Armed with the appropriate bit chopped out of Ordnance Survey Map OL 27, North York Moors, we set off in search of the public footpath. There is a road (of sorts) but that’s no fun!
An explanation to my American friends. In England there are public footpaths which go over private land. As in, if you see the yellow arrow, you can open the gate and walk through the field until you find the arrow on the other side. Repeat. Don’t let the cows out, please.
See, my British friends, in the US this might get you shot, or at least yelled at, or at least would get a landowner staring at you with an incredulous look of what is this crazy person smoking? As my mother and I followed our map, hunting yellow arrows like early Easter eggs, I kept looking around nervously, half expecting to hear a shotgun being racked.
However, our only company was a pair of friendly horses:
|Maybe a little too friendly. No, I don’t have any food for you.|
and the same guy on his tractor passing us three times in different directions.
|As we walked out through Boltby.|
We made it to Thirlby eventually, with only one squabble along the way in which my mother once again doubted my ability to navigate by map in spite of the fact that I have been doing it successfully for the whole of this trip.
‘THIS. You see this line? This is the road. It is right THERE.’ (Pointing.) ‘So the map orients like THIS.’
‘But we don’t go ON the road!’
‘Right. The road turns. We go across the corner. STOP TURNING THE MAP.’
‘But WE DON’T GO ON THE ROAD!‘ (Turning the map.)
‘Also, there is a sign with a name on it right in front of us JUST GIVE ME THE MAP!‘
I did know where we were but there was no yellow arrow in that pasture or the next one up, so we did in fact go on the road. Not as photogenic as the fields, but at least we weren’t likely to anger any sheep who weren’t supposed to be disturbed.
My map-reading skills were vindicated when we walked through Thirlby and found the other end of the path we’d been trying to find.
‘PUBLIC FOOTPATH DIVERTED. FOLLOW MARKED ROUTE.’
It would have been nice if they’d put that note at both sides of the diversion. No?
|This was the representative sheep-in-the-field photo I have tried and failed to get for the last three days.|
Later on I found out that Rosie, James Herriot’s daughter, still lives in Thirlby. You can too, if you want to live in a town with a population of less than 150 people. There are houses for sale.
It’s cute but…hmm…think I’ll pass.
On the way out, the only occupied field we’d walked through was the one containing the two horses; on the way back we met some cows. I think they may have been the same cows from the other day who really liked us.
Or wanted to eat us or stomp us into pulp or whatever goes through cow brains.

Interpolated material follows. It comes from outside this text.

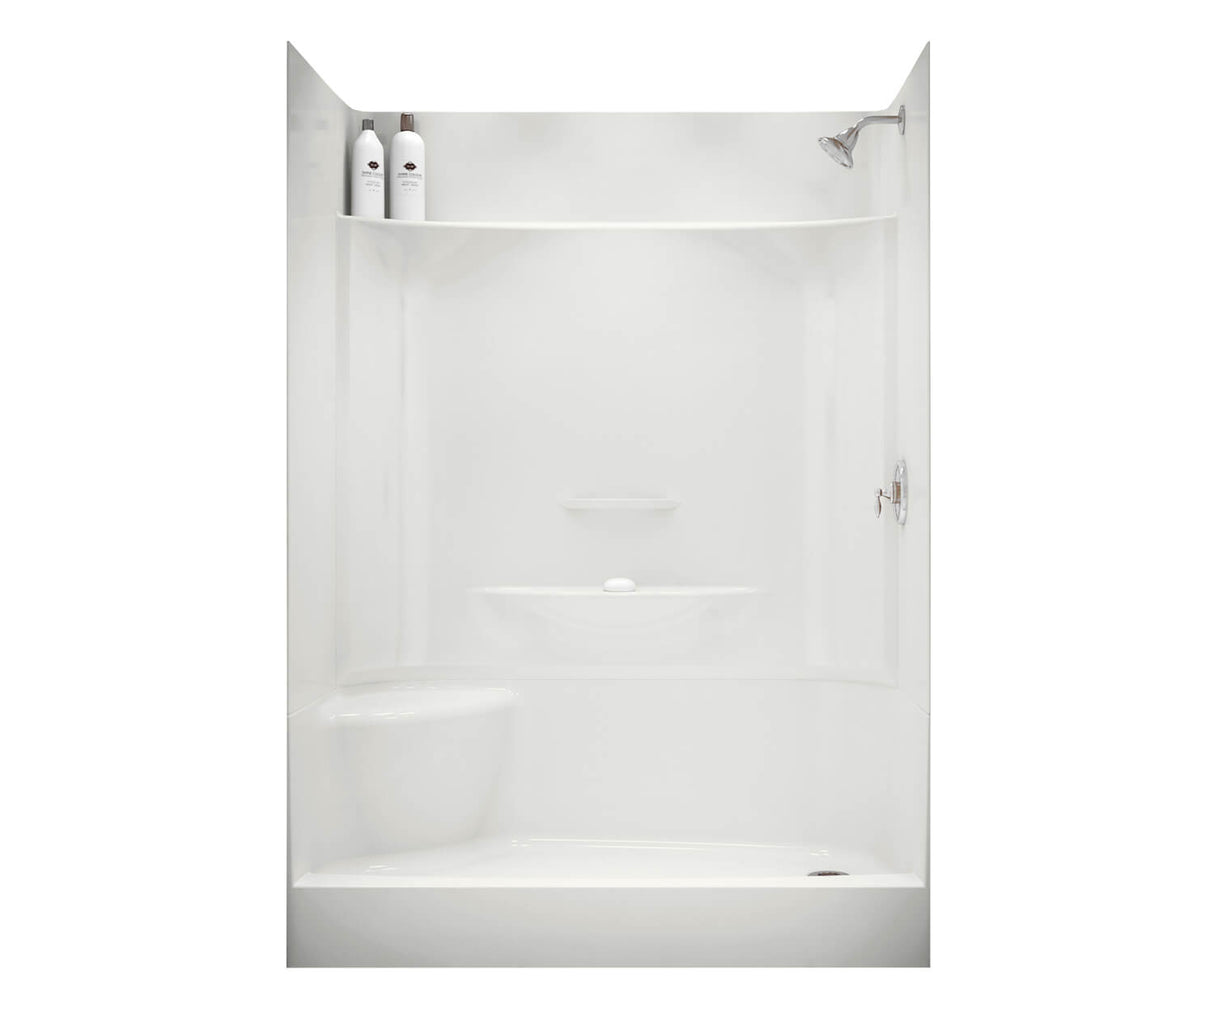 MAAX 145036-000-002-095 KDS 3060 AcrylX Alcove Left-Hand Drain Four-Piece Shower in White

‘I hope they don’t come over,’ my mother said as we walked around the far edge of the field. ‘I don’t want to get gubbed on.’ (‘Gubbing’ being what animals do with wet noses and tongues.)
‘Too bad because it looks like they…are…COMING…gosh, they move fast.’
‘What do they want with us?!’
|I waited until we were on the other side of the gate before I took photos.|
On the way out we had walked parallel to what I would call a stream, but what seems to be in local parlance a ‘beck.’ I kept expecting to see Little Grey Rabbit tiptoeing along the bank with a basket of flowers. I promised myself that on the way home I would stop at a part with a shallow bank and dip my toes in the water.
I did and it was lovely.
Then after carefully checking for stickers and dung, I climbed up the bank with my shoes in hand and wiped my feet off on the clean grass.
Whereupon a small nasty insect BIT ME.
It felt like a nasty pinprick but when I looked, expecting a splinter, I couldn’t see a thing. Neither could my mother. So whatever. I slipped my shoe back on and limped back home.
Several hours later, when my foot got tingly, got a swollen patch, and produced three miniscule red dots, I did Google to make sure there were no poisonous bugs in northern England. (There aren’t.) Why is it that this sort of bizarre reaction happens when you intend to be on your feet the whole next day?